In the listing below, locate the line containing "44 Tibetan Carved" and copy it and every line after it through the end, exactly as written, leaving out any pictures.

** Dataset excerpt **
*** Block opens ***

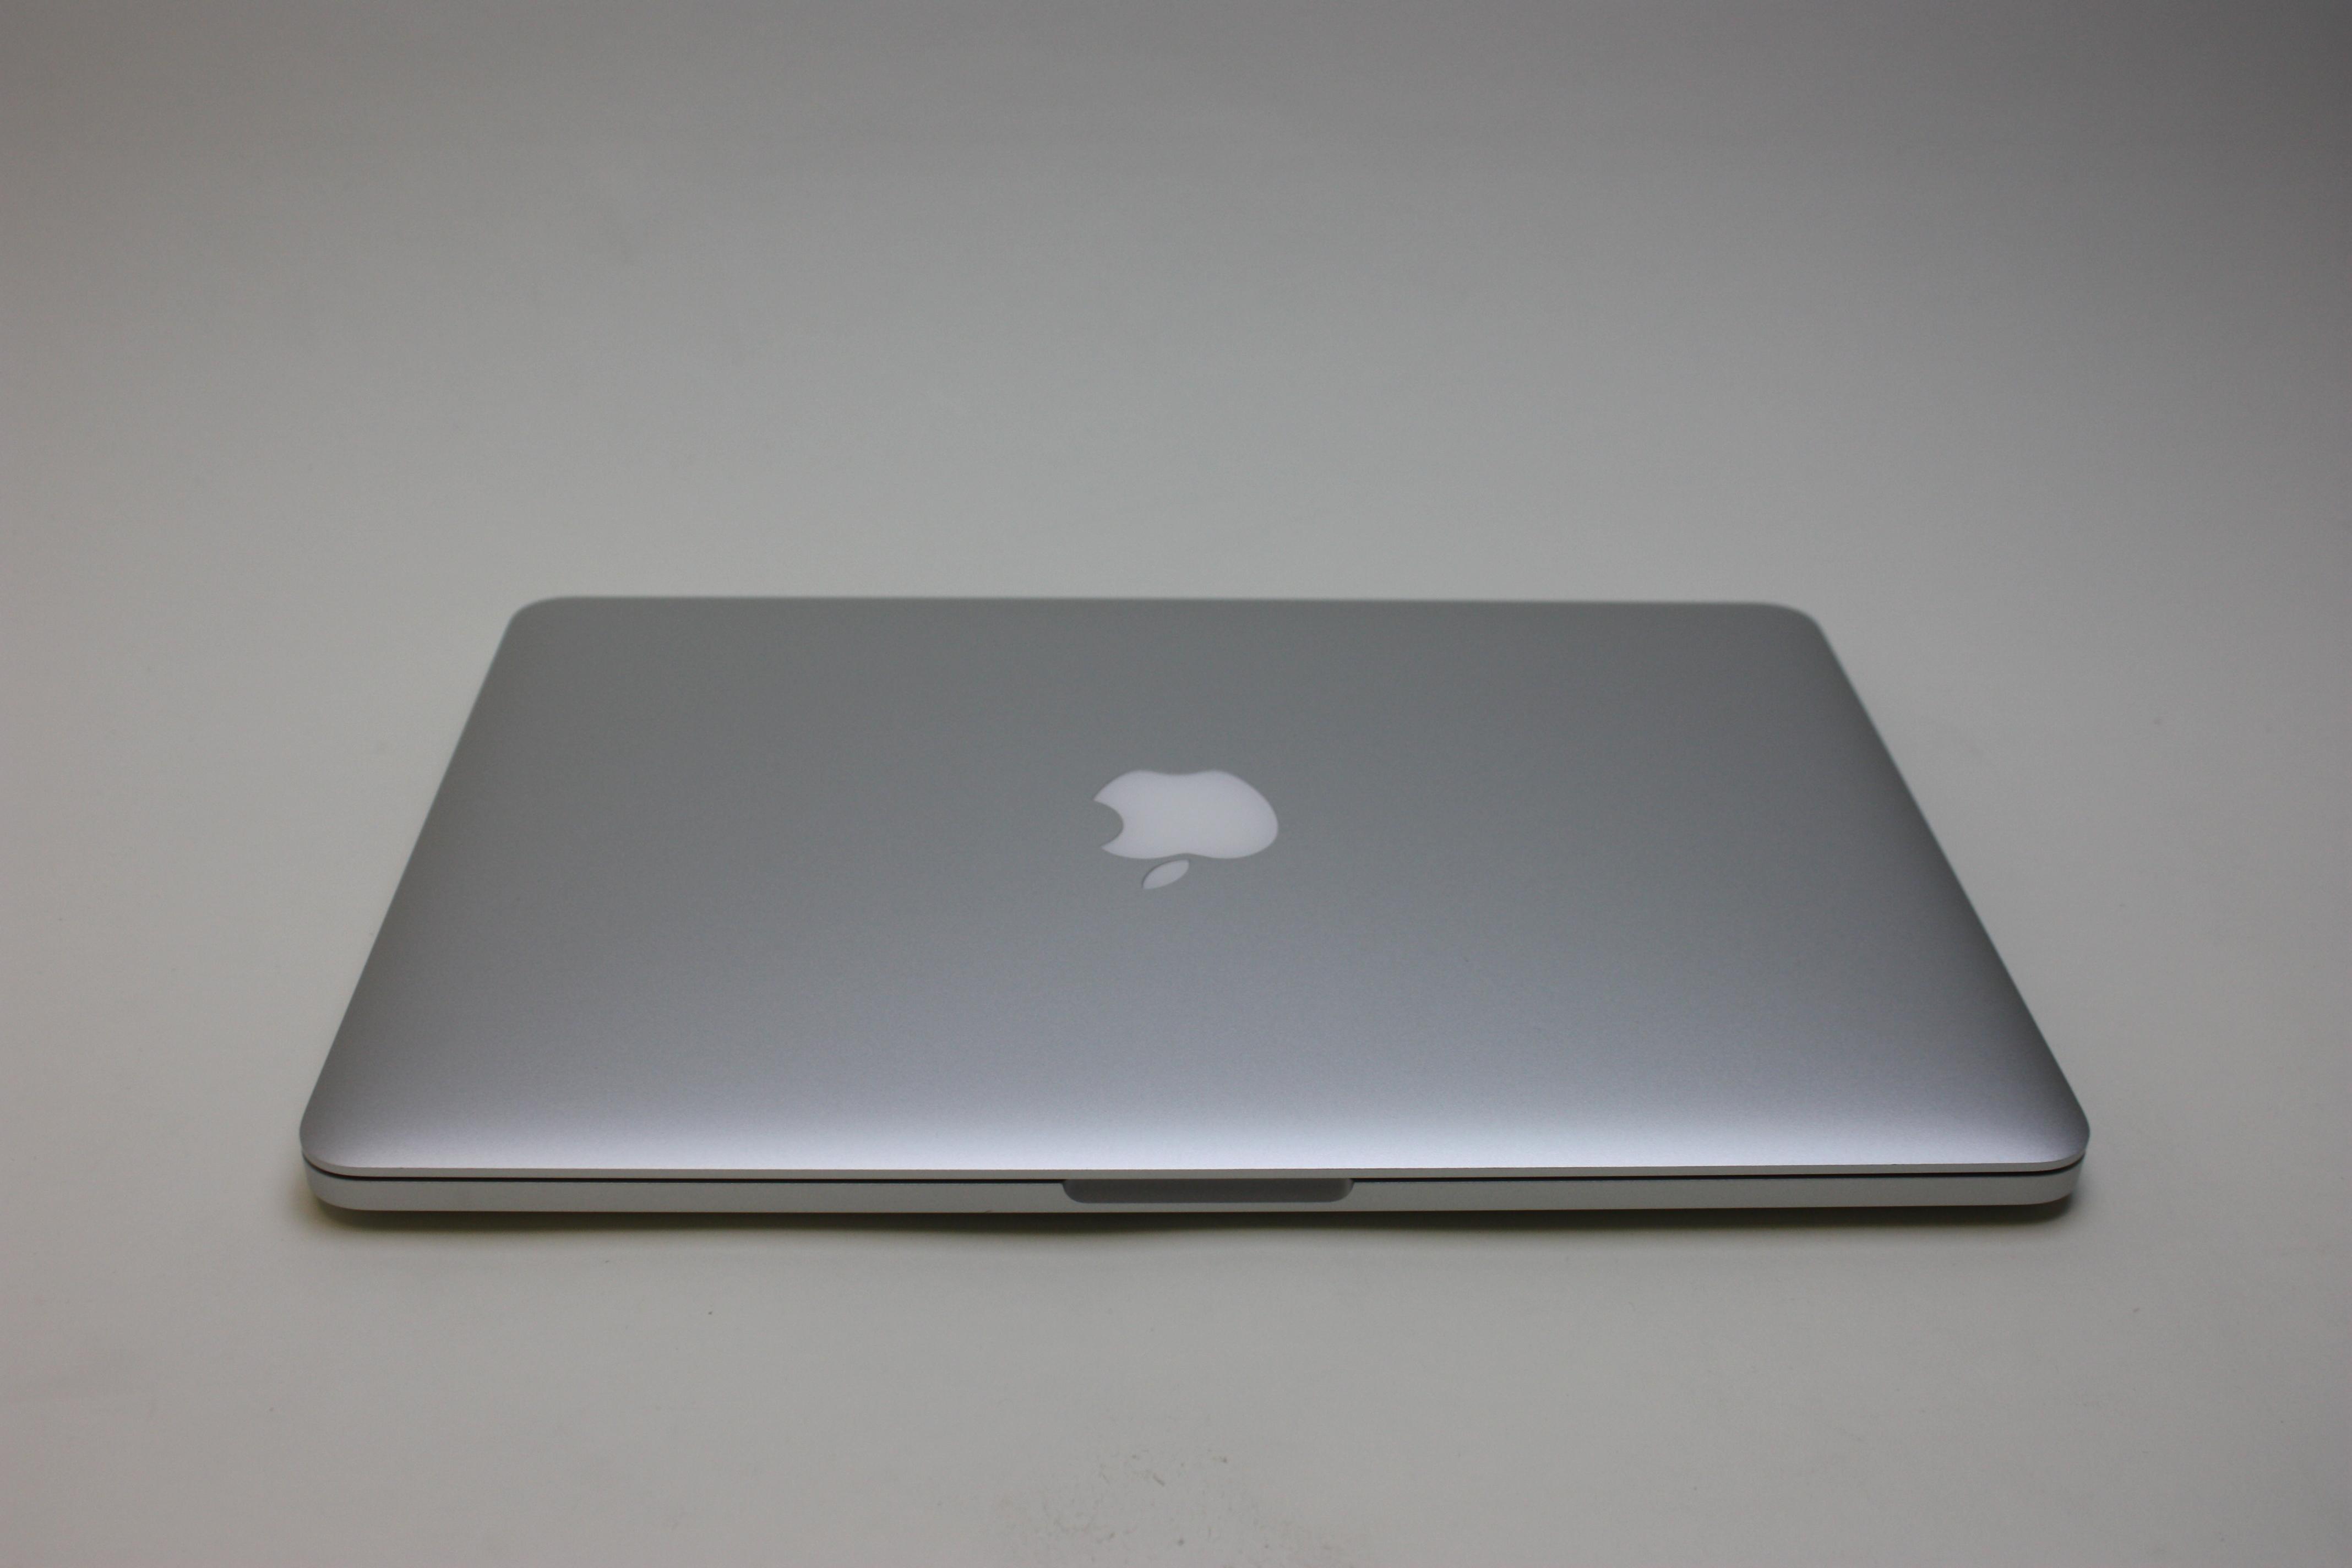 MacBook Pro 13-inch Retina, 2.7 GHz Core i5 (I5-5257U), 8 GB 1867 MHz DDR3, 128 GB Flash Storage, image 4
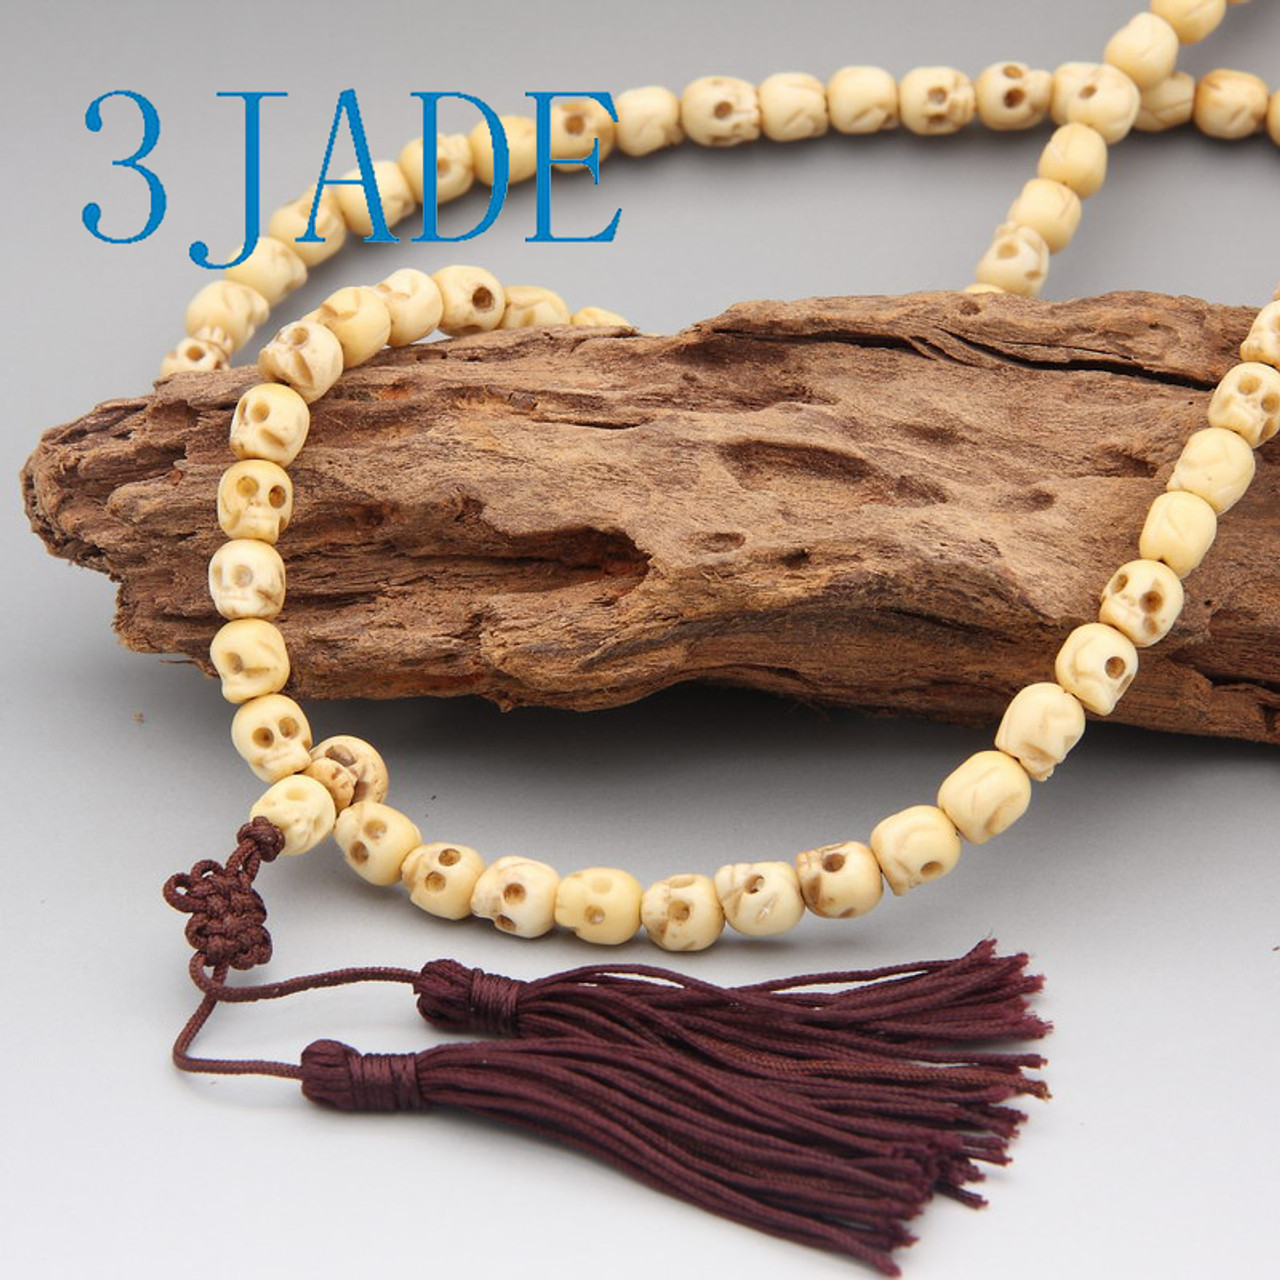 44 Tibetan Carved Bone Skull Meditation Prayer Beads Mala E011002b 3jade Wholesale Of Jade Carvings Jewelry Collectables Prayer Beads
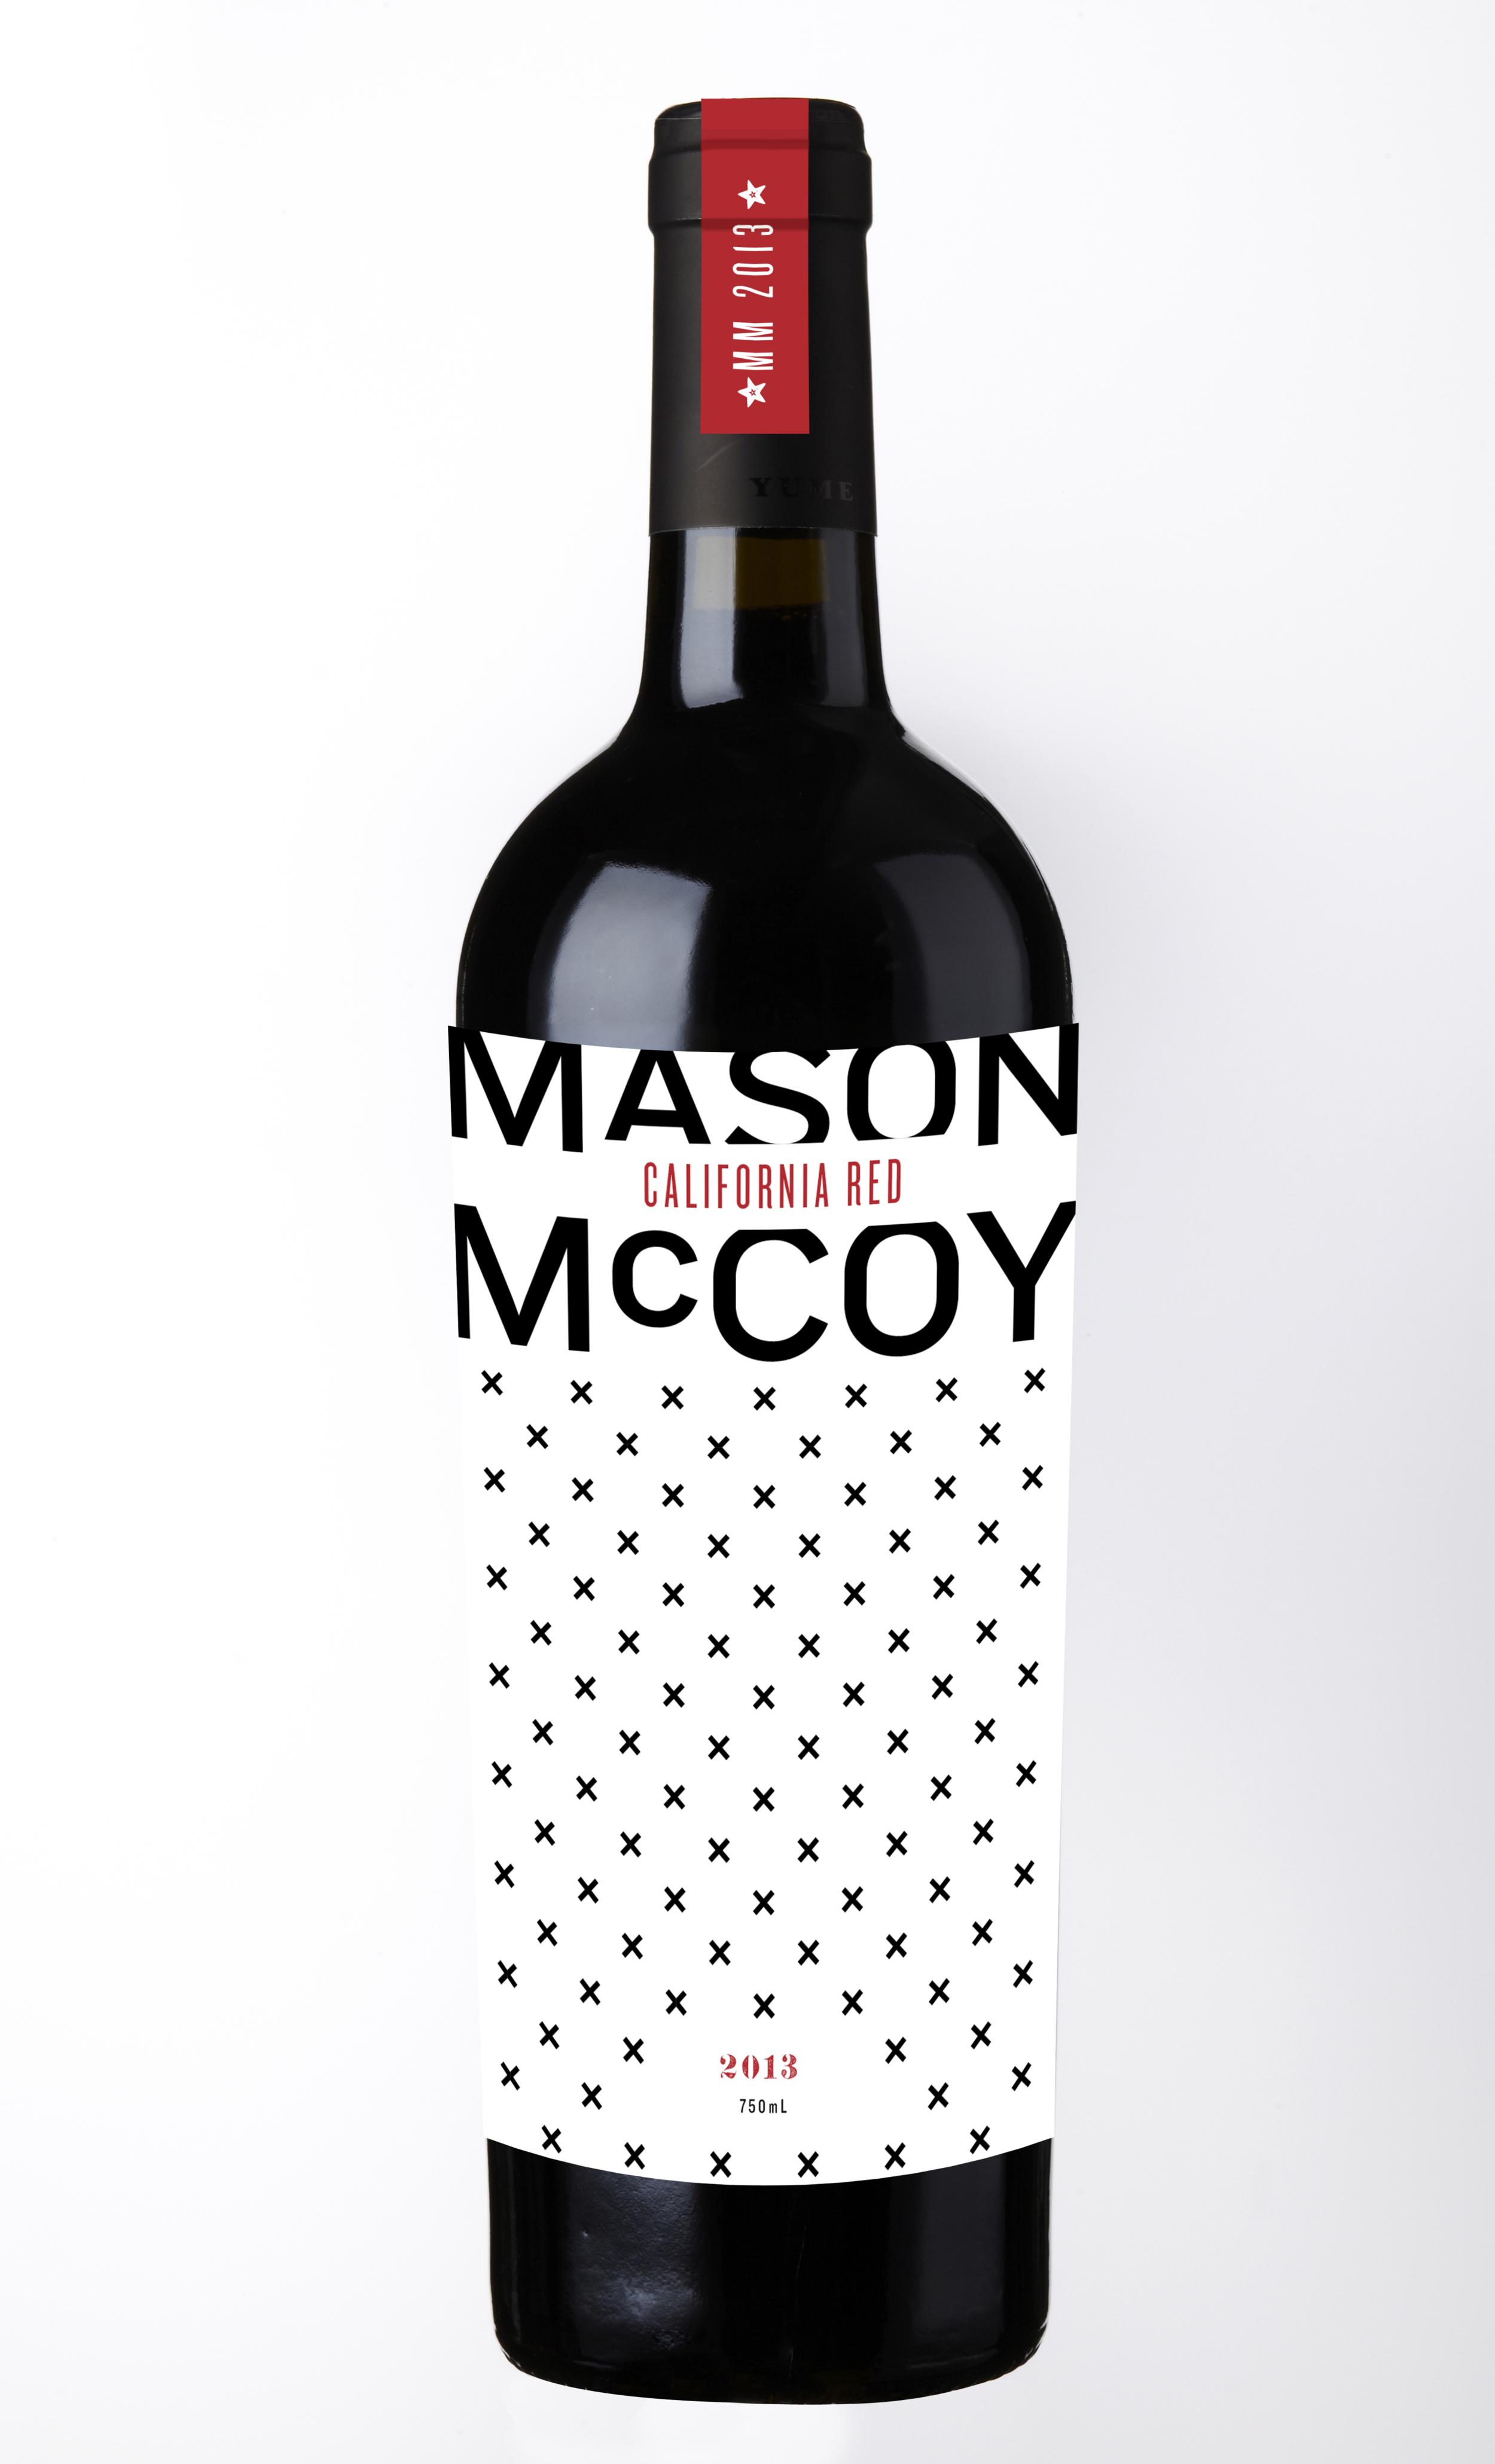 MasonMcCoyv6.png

*** Block closes ***

** Result of the task **
 44 Tibetan Carved Bone Skull Meditation Prayer Beads Mala E011002b 3jade Wholesale Of Jade Carvings Jewelry Collectables Prayer Beads
 MasonMcCoyv6.png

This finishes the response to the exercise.